Dediğim gibi her türlü bedeli ödemeye ve ödetmeye hazırım.
***
Meryem
Altun'un gönüllülük yazısı:
Merhaba, yeni bir direniş sürecine gireceğimizi ilk
öğrendiğimde, düşündüğüm şey, '96 Ölüm Orucu eylemimiz oldu, İdil oldu.

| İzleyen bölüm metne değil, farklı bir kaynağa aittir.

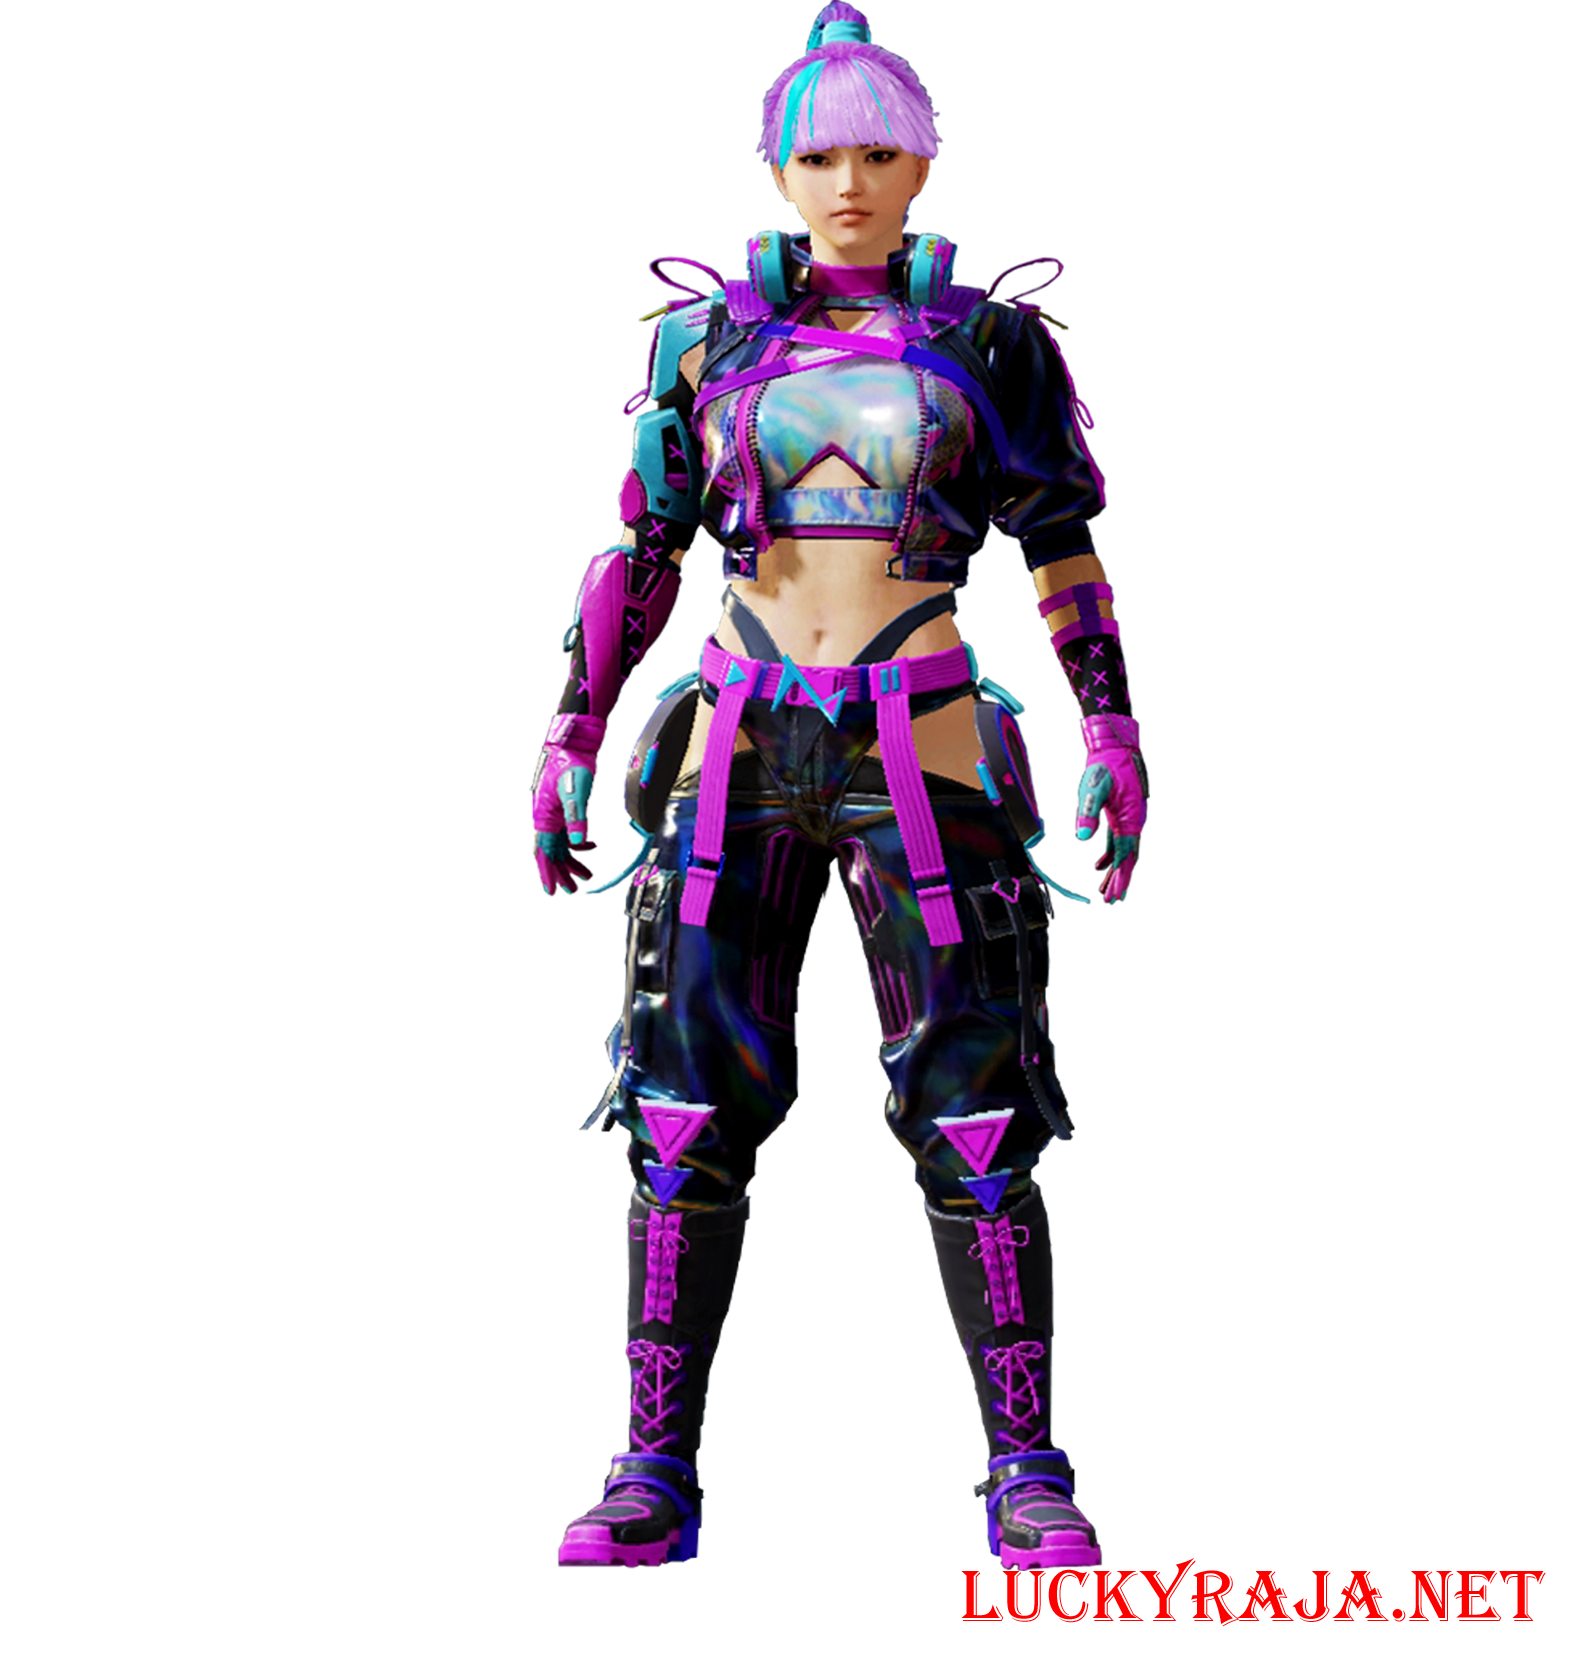 Cybernetic Trance ,Cybernetic Trance images,Cybernetic Trance pubg mobile,Cybernetic Trance outfit,pubg mobile outfits,animation,cartoon images
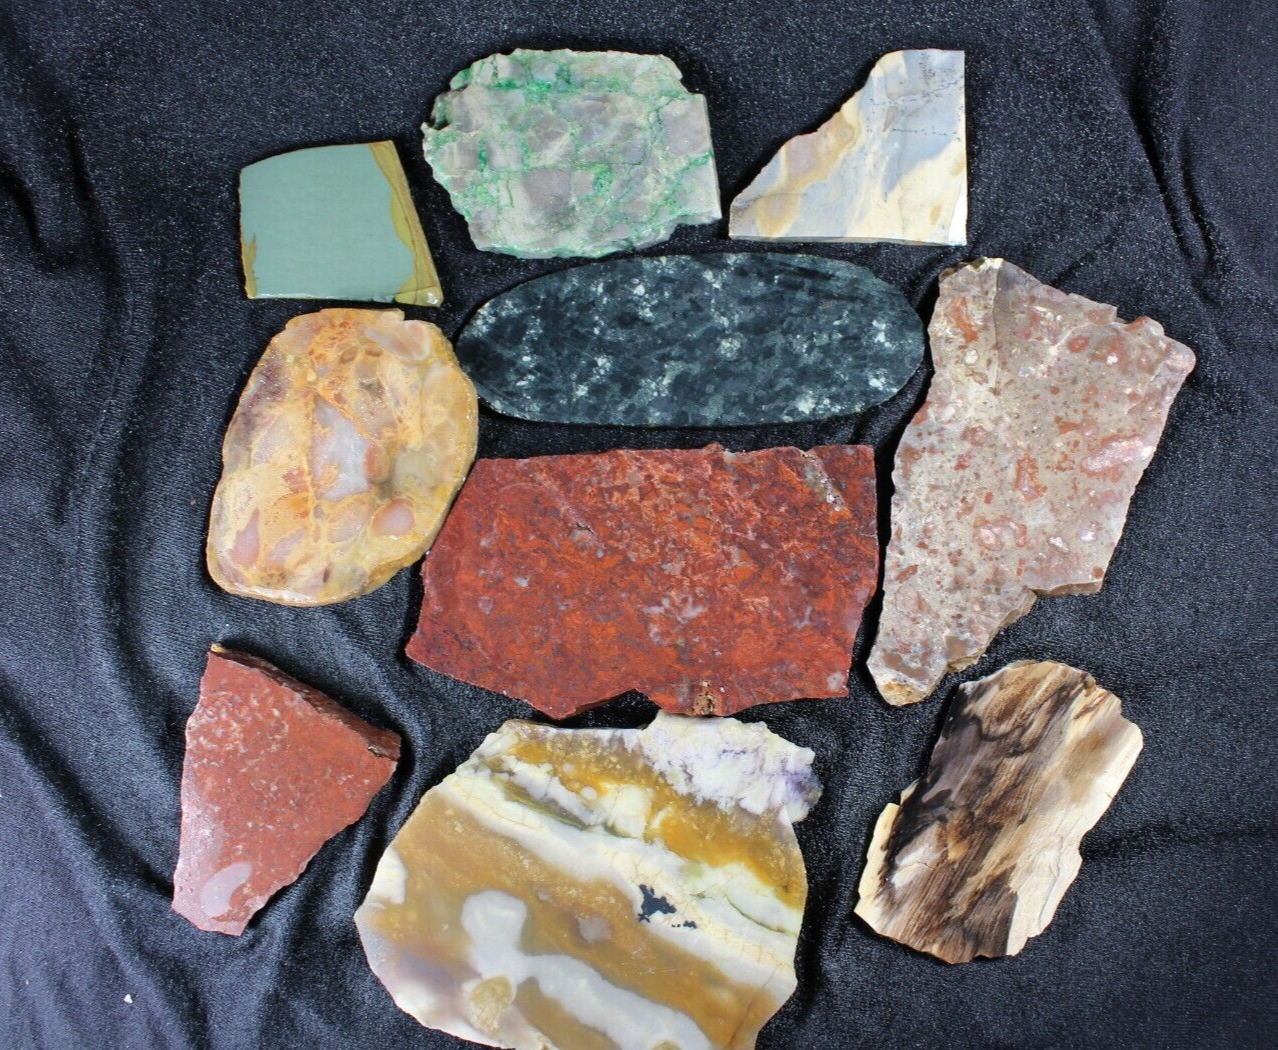 PJ: Mixed Lot of Slabs - Jasper, Agate and More   13 Ozs

Ulucanlar direnişimiz oldu. Yoldaşlarımızın yarattığı kahramanlıklar oldu. '96
Ölüm Orucunda dışarıda, yurtdışında idim. Orada olmanın ezikliğini en fazla
yaşadığım süreçlerden biriydi. Şimdi ise, düşmanın yoğun saldırılarla bizleri
teslim almaya çalıştığı bir dönemde, ilk kez hapishanede olduğuma bu denli
seviniyorum. (Belki de böyle düşünmemek gerekir.) Çünkü inanıyorum ki,
yaşayacağımız direniş, düşmanı vuracak. Biz ise kazanan olacağız. Evet,
denildiği gibi zafer bize armağan edilmeyecek, onu biz kazanacağız ve
direnerek, bedel ödeyerek kazanacağız. Direnişimiz, bugüne kadar yaratılan
geleneklerimiz üzerinde, şehitlerimizin kanı üzerinde yükseliyor. Bizler de
yeni bir halka ekleyeceğiz bu onurlu tarihe. Eyleme katılacak olanların ismi
henüz açıklanmadı. Fakat ben bu direnişin direkt içinde olmak istiyorum. Ölüm Orucu Savaşçısı olmak istiyorum.
Selam ve Saygılarımla
Meryem ALTUN
***
6
ay boyunca İngiltere'de bulunan Bulwood Hall hapishanesinde tutulan Meryem
Altun’un hücrelere ilişkin anlatımı:
AVRUPA HÜCRELERİNE OLAN HAYRANLIĞINIZ NE
ZAMAN SONA ERECEK?
"Her tarafı metal, oturduğunuzda ayaklarınızı
uzatamayacağınız kadar dar, tek kişilik bölmelere ayrılmış ringlerle elleriniz
kelepçeli olarak götürülürsünüz hapishaneye. Kimlik tespitinin yapılmasının
ardından, size cezaevi idaresinin verdiği yeni kimlikle yani tutuklu
numaranızla geçirirsiniz hapishanede kaldığınız süreyi...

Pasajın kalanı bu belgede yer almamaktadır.